At this point you should be ready to query Media Cloud for data. **This notebook demonstrates how to browse and download information about the media sources and collections within Media Cloud system**. This explores some of the API methods under the hood of our [Source Manager tool](https://sources.mediacloud.org), which is used to browse and administer sources and collections in our system.

Media Cloud is a suite of web tools to support research into media coverage online. The underlying database has 1.5 billion stories (as of early 2020). Every open-web news story is connected to a `media` source. Sources are grouped together into collections (via `tags`). Our primary collections are [geography-based](https://sources.mediacloud.org/#/collections/country-and-state) (at the national and provider/state level).

We regularly scrape RSS feeds from a small set of our sources (around 60k as of early 2020). We are slowly rolling out the ability to ingest stories from news stories via their sitemap files (the hard part is determining which URLs arenews story pages and what are not). Other stories are discovered and added in via spidering links or finding a share of a news URL on social media. We don't advise using our entire database because it is skewed towards the topics of investigations ourselves, and collaborating researchers, have done. You can mitigate this by using the afore-mentioned geographic collections.
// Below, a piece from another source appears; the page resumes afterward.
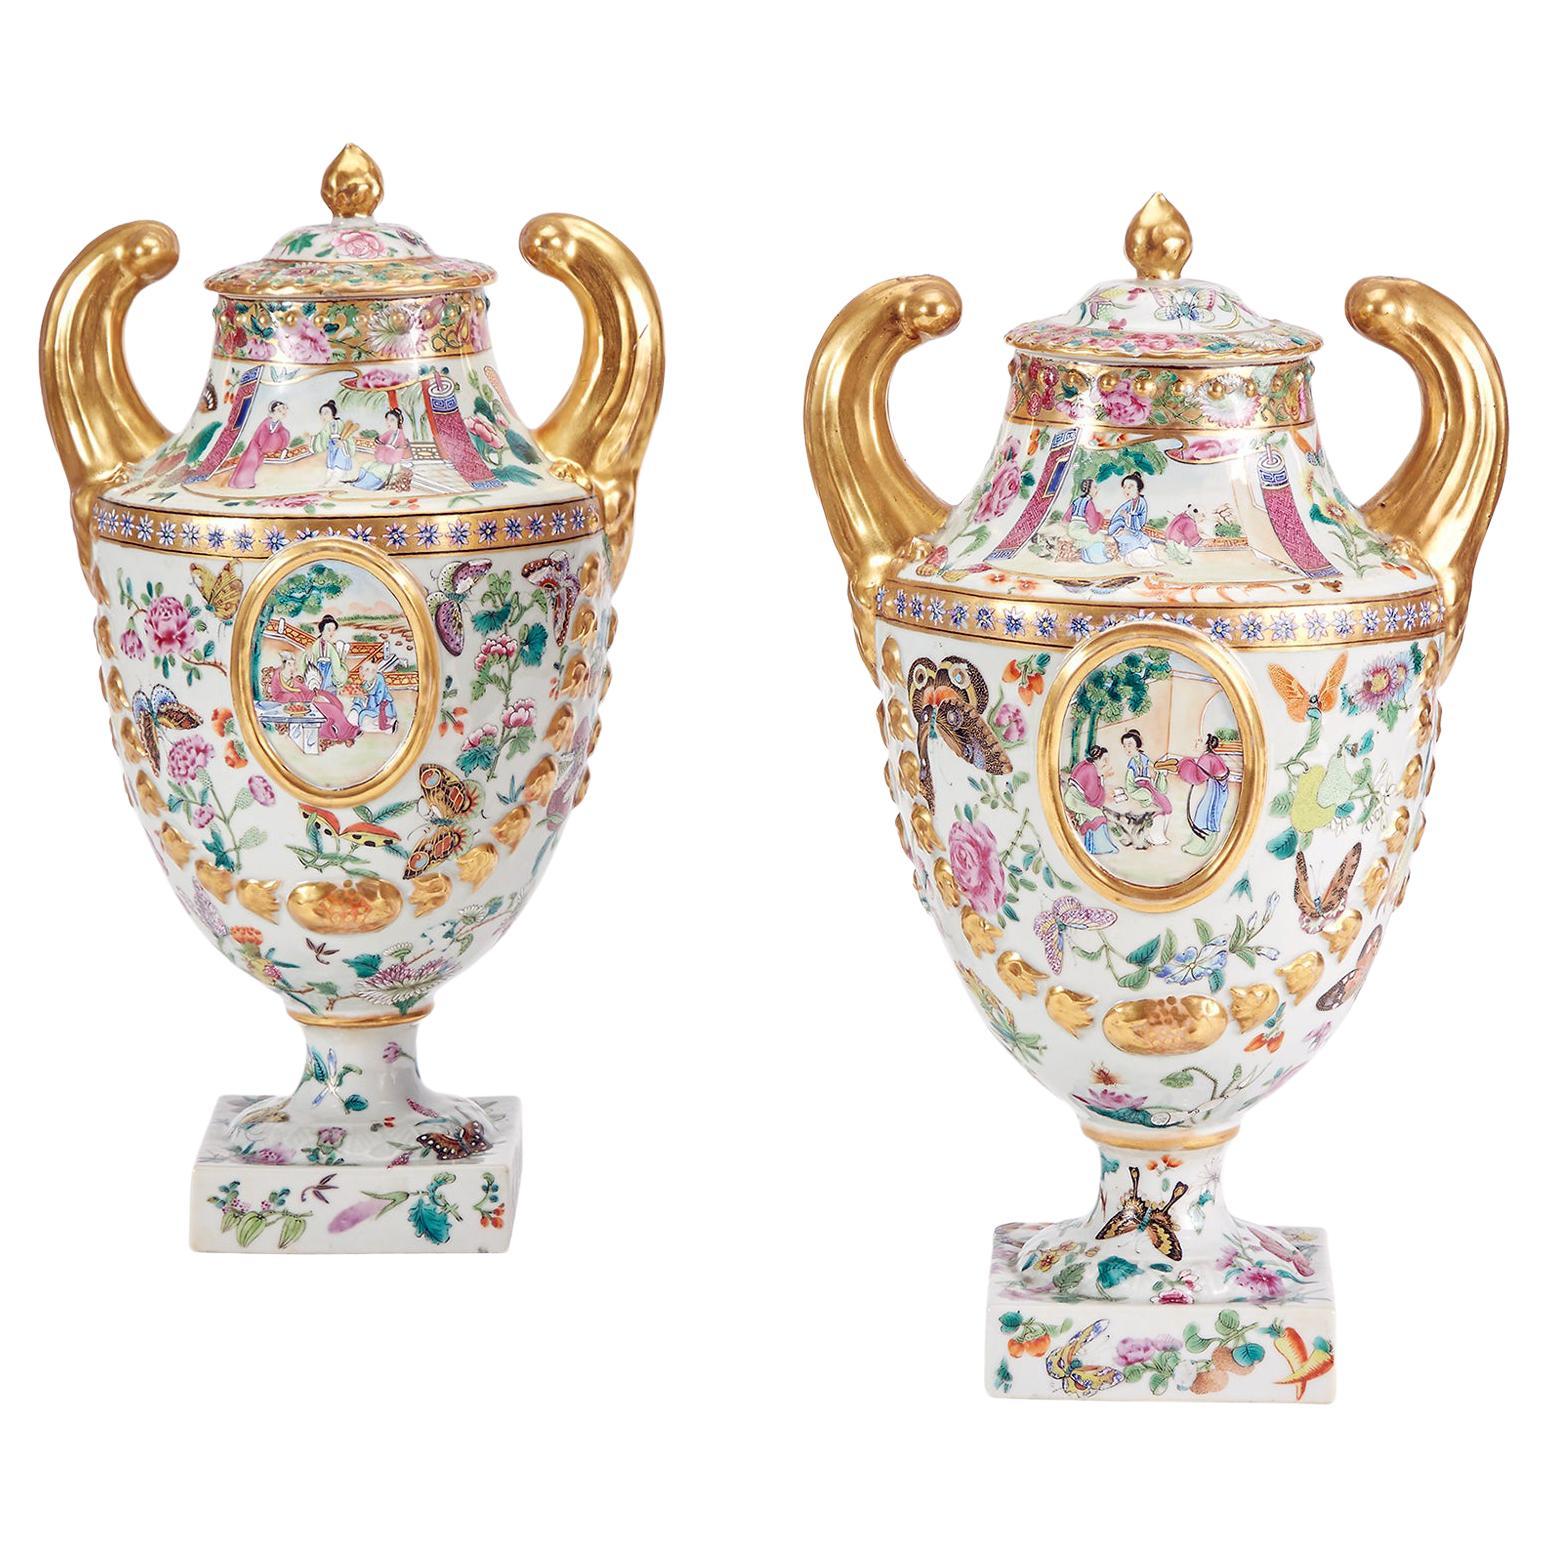 Chinese Export Porcelain Rose Mandarin Pistol-Handled Urns and Covers

Our Python API exposes a few methods that are particularly helpful for looking at sources, their associated metadata, and collections: 

* `mediaList`: useful to search for media, or page through all the media in a collection ([documentation](https://github.com/berkmancenter/mediacloud/blob/master/doc/api_2_0_spec/api_2_0_spec.md#apiv2medialist))
* `media`: all metadata data about one media source, by `media_id` ([documentation](https://github.com/berkmancenter/mediacloud/blob/master/doc/api_2_0_spec/api_2_0_spec.md#apiv2mediasingle))
* `feedList`: page through any RSS feeds associated with a media source ([documentation](https://github.com/berkmancenter/mediacloud/blob/master/doc/api_2_0_spec/api_2_0_spec.md#apiv2feedslist))
* `tagSet`: collecitons are grouped into `tag_sets` ([documentation](https://github.com/berkmancenter/mediacloud/blob/master/doc/api_2_0_spec/api_2_0_spec.md#apiv2tag_setssingle))
* `tagList`: list all the collections in a `tag_set` ([documentation](https://github.com/berkmancenter/mediacloud/blob/master/doc/api_2_0_spec/api_2_0_spec.md#apiv2tag_setslist))
* `tag`: information about a collection ([documentation](https://github.com/berkmancenter/mediacloud/blob/master/doc/api_2_0_spec/api_2_0_spec.md#apiv2tagssingle))

## Setup

In [6]:
# Grab your API key from the environment variable and create a client for talking to Media Cloud
import os, mediacloud.api
from dotenv import load_dotenv
from IPython.display import JSON
load_dotenv()  # load config from .env file
mc = mediacloud.api.MediaCloud('')
mediacloud.__version__

'3.12.5'

## Searching for Media Sources

You can search for specific media, or media matching a set of criteria.

In [8]:
# try to find a media source based on its URL
matching_sources = mc.mediaList(name_like='hindustantimes', sort='num_stories')
matching_sources

[{'is_healthy': True,
  'is_monitored': False,
  'media_id': 39872,
  'media_source_tags': [{'description': 'Large list of all sites collected by the Europe Media Monitor project (http://emm.newsbrief.eu). Added in October of 2012. Includes anywhere from five to dozens of sources from almost every country.  This is our main set for broad coverage of international mainstream media.',
    'label': 'Europe Media Monitor',
    'media_id': 39872,
    'show_on_media': True,
    'show_on_stories': None,
    'tag': 'europe_media_monitor_20121015',
    'tag_set': 'collection',
    'tag_sets_id': 5,
    'tagged_date': None,
    'tags_id': 8876474},
   {'description': None,
    'label': None,
    'media_id': 39872,
    'show_on_media': False,
    'show_on_stories': None,
    'tag': 'webnews',
    'tag_set': 'emm_type',
    'tag_sets_id': 554,
    'tagged_date': None,
    'tags_id': 8876475},
   {'description': None,
    'label': None,
    'media_id': 39872,
    'show_on_media': False,
    'show_o

The first thing you'll notice is that our sources are rather noisy. We are trying to move to a model where each told level domain is a media source (with a handful of exceptions), but we haven't finished that work yet. So for it can be useful to sort there results by how content content they produce (ie. `sort='num_stories'`).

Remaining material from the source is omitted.